- Born: July 6, 1948 (age 78) Syracuse, New York
- Occupation: author
- Writing career
- Genre: Speculative fiction

= Ray Aldridge =

American author of speculative fiction

Raymon Huebert Aldridge is an American author of speculative fiction. He writes under the name Ray Aldridge.

==Life and writing career==
Aldridge was born in Syracuse, New York. The appearance of his first published work of science fiction has been credited to the July 1987 issue of Amazing Stories, although an earlier work seems to have previously appeared in the anthology L. Ron Hubbard Presents Writers of the Future, Volume II in March 1986. Aldridge's style has been likened to those of Cordwainer Smith and Jack Vance.

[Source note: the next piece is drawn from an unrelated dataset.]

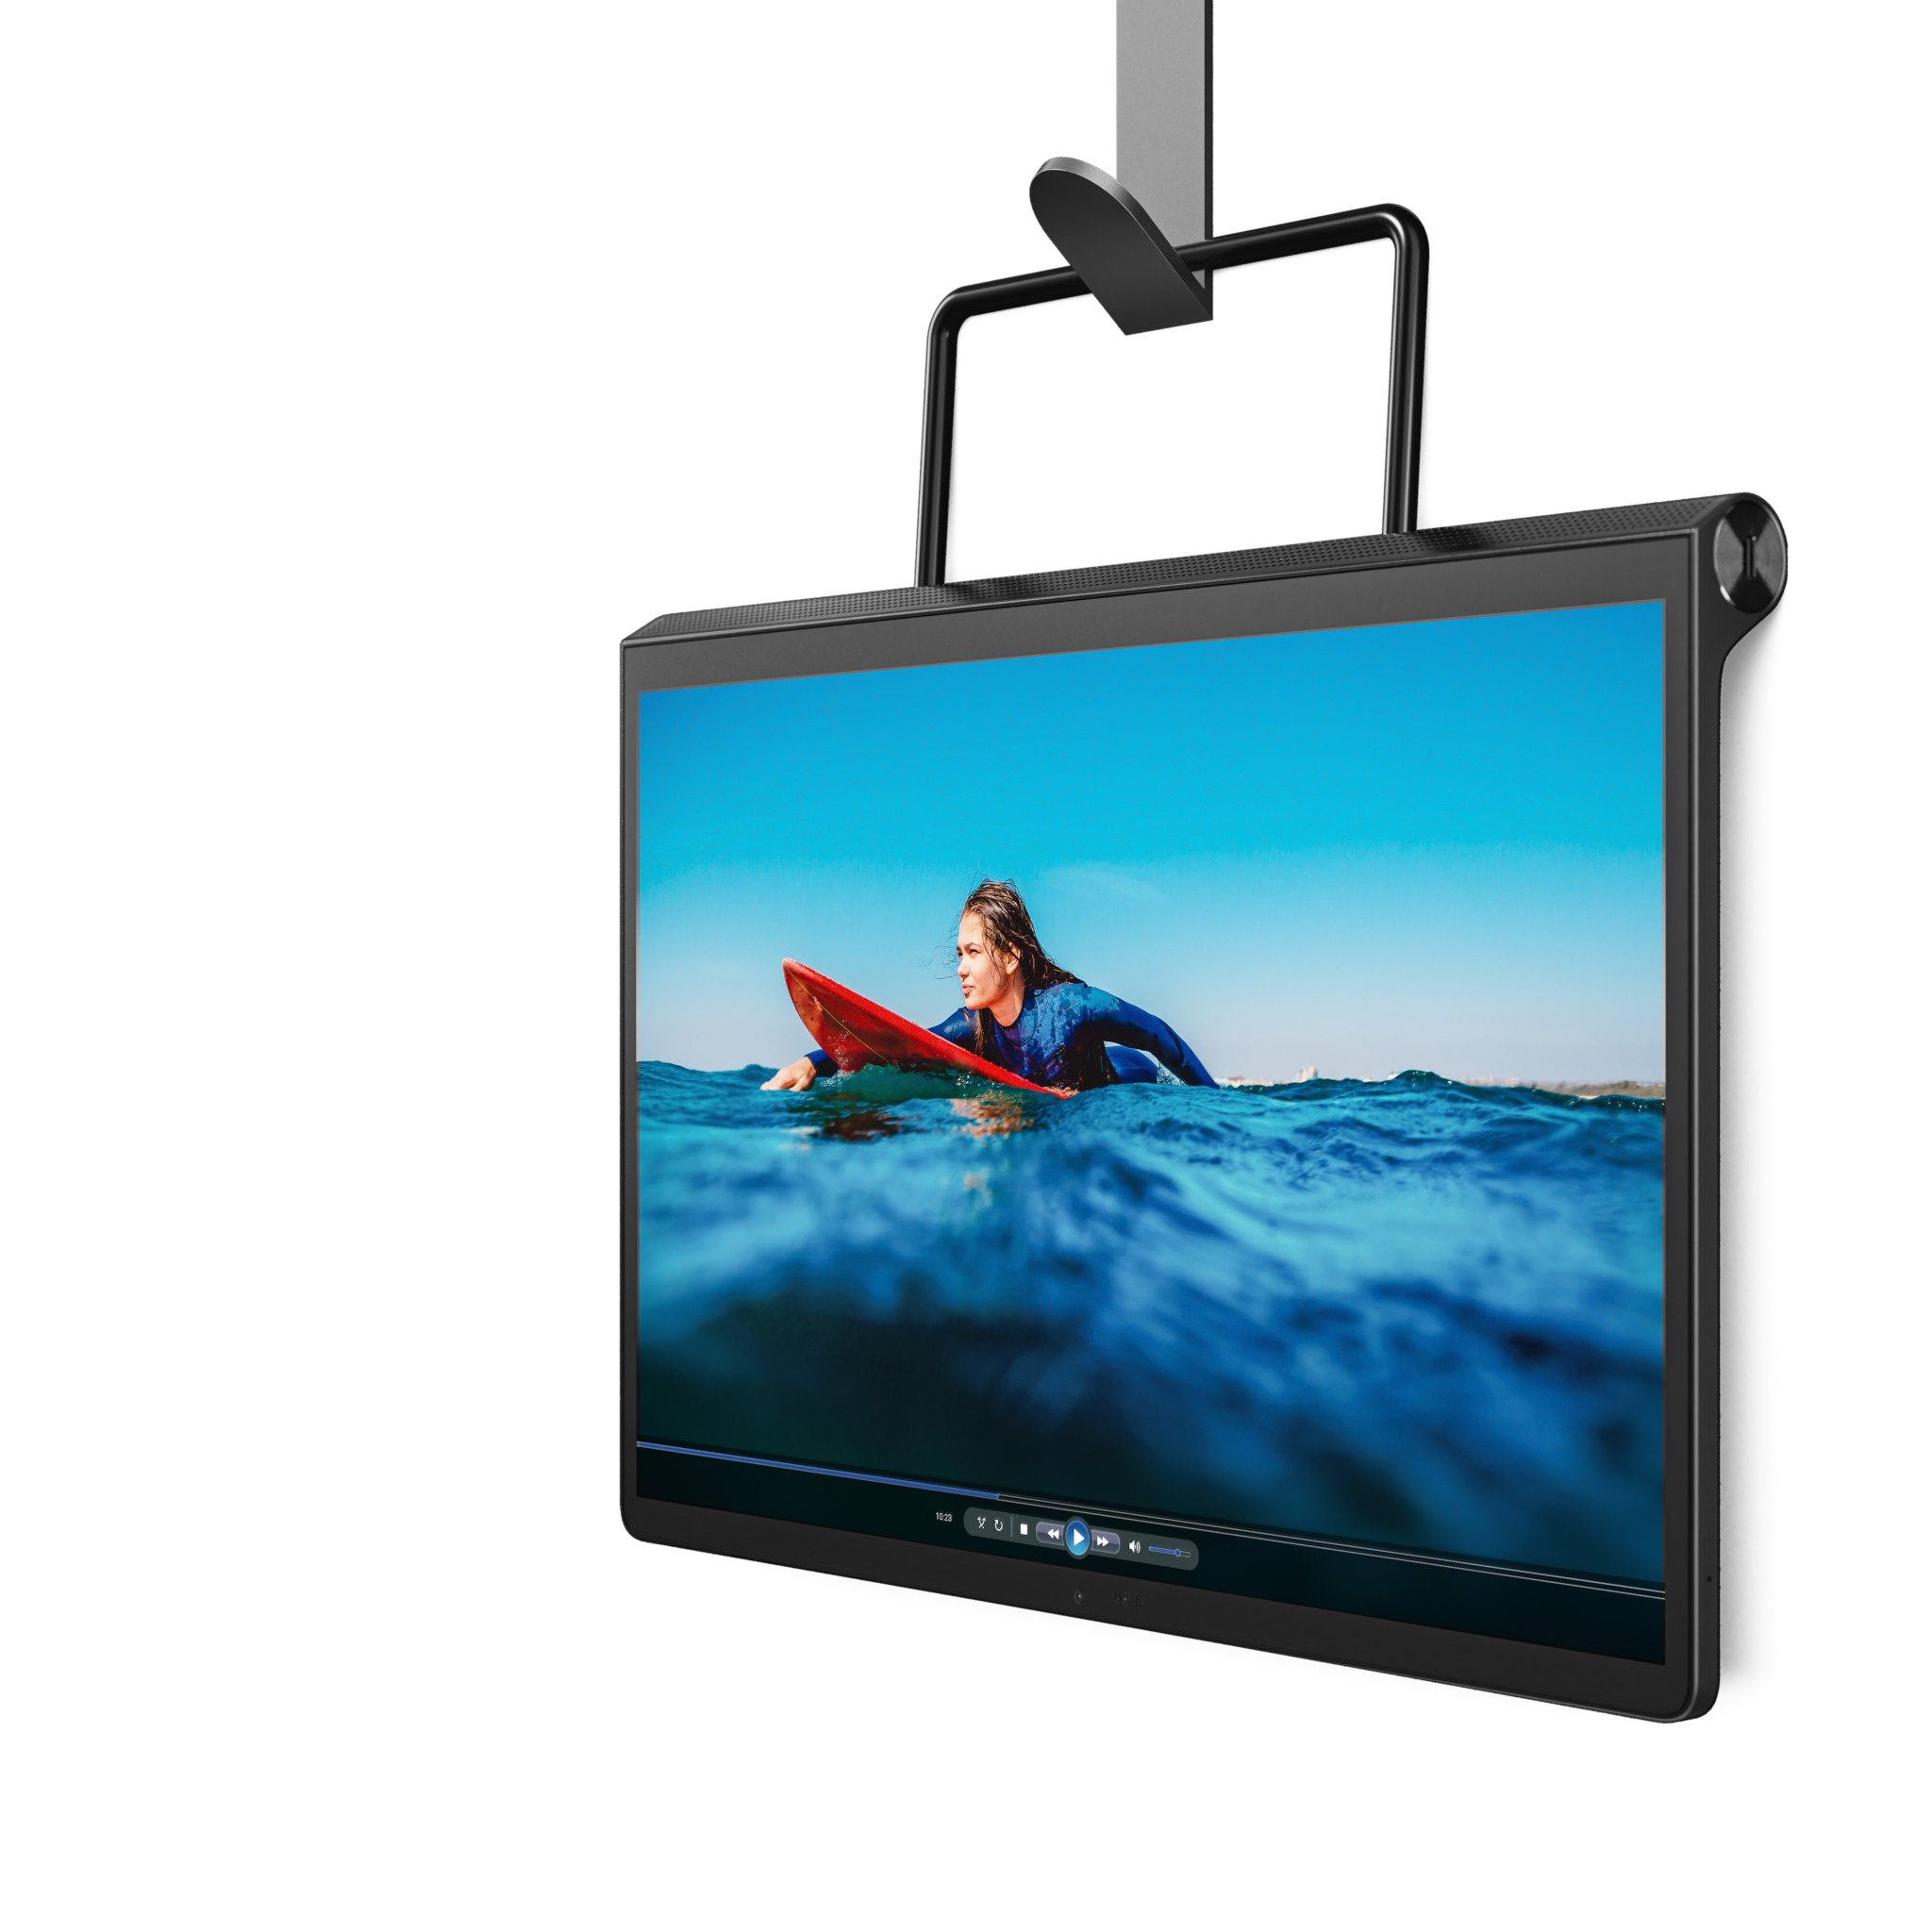 Lenovo Yoga Tab 13 - cinematic tablet for home entertainment

Aldridge's writing has appeared in various periodicals and anthologies, including Aboriginal Science Fiction, Amazing Stories, The Bulletin of the Science Fiction Writers of America, Full Spectrum 4, L. Ron Hubbard Presents Writers of the Future, Volume II, L. Ron Hubbard Presents Writers of the Future, Volume VII, The Magazine of Fantasy & Science Fiction, Pulphouse: The Hardback Magazine, Science Fiction Age, and Whatdunits. His work has been translated into German, Italian, and French.

==Recognition==
Aldridge's story "Gate of Faces" won the 1992 SF Chronicle Award for Best Novelette, and was nominated for the 1992 Nebula Award for Best Novelette. His story "The Beauty Addict" was nominated for the 1994 Nebula Award for Best Novella and placed eighth in the 1994 Locus Poll Award for Best Novelette. His story "The Spine Divers" placed third in the 1996 Theodore Sturgeon Award. His stories "Steel Dogs," "Hyena Eyes," "The Cold Cage" were also Locus Poll Award nominees.

==Bibliography==
===Emancipator series===
1. The Pharaoh Contract (1991)
2. The Emperor of Everything (1992)
3. The Orpheus Machine (1992)

===Dilvermoon series===
- "The Beastbreaker" (1991)
- "Gate of Faces" (1991)
- "The Love Farmer" (1992)
- "The Spine Divers" (1995)

===Flesh Tinker series===
- "The Flesh Tinker and the Loneliest Man" (1987)
- "The Flesh Tinker and the Fashion Goddess" (1989)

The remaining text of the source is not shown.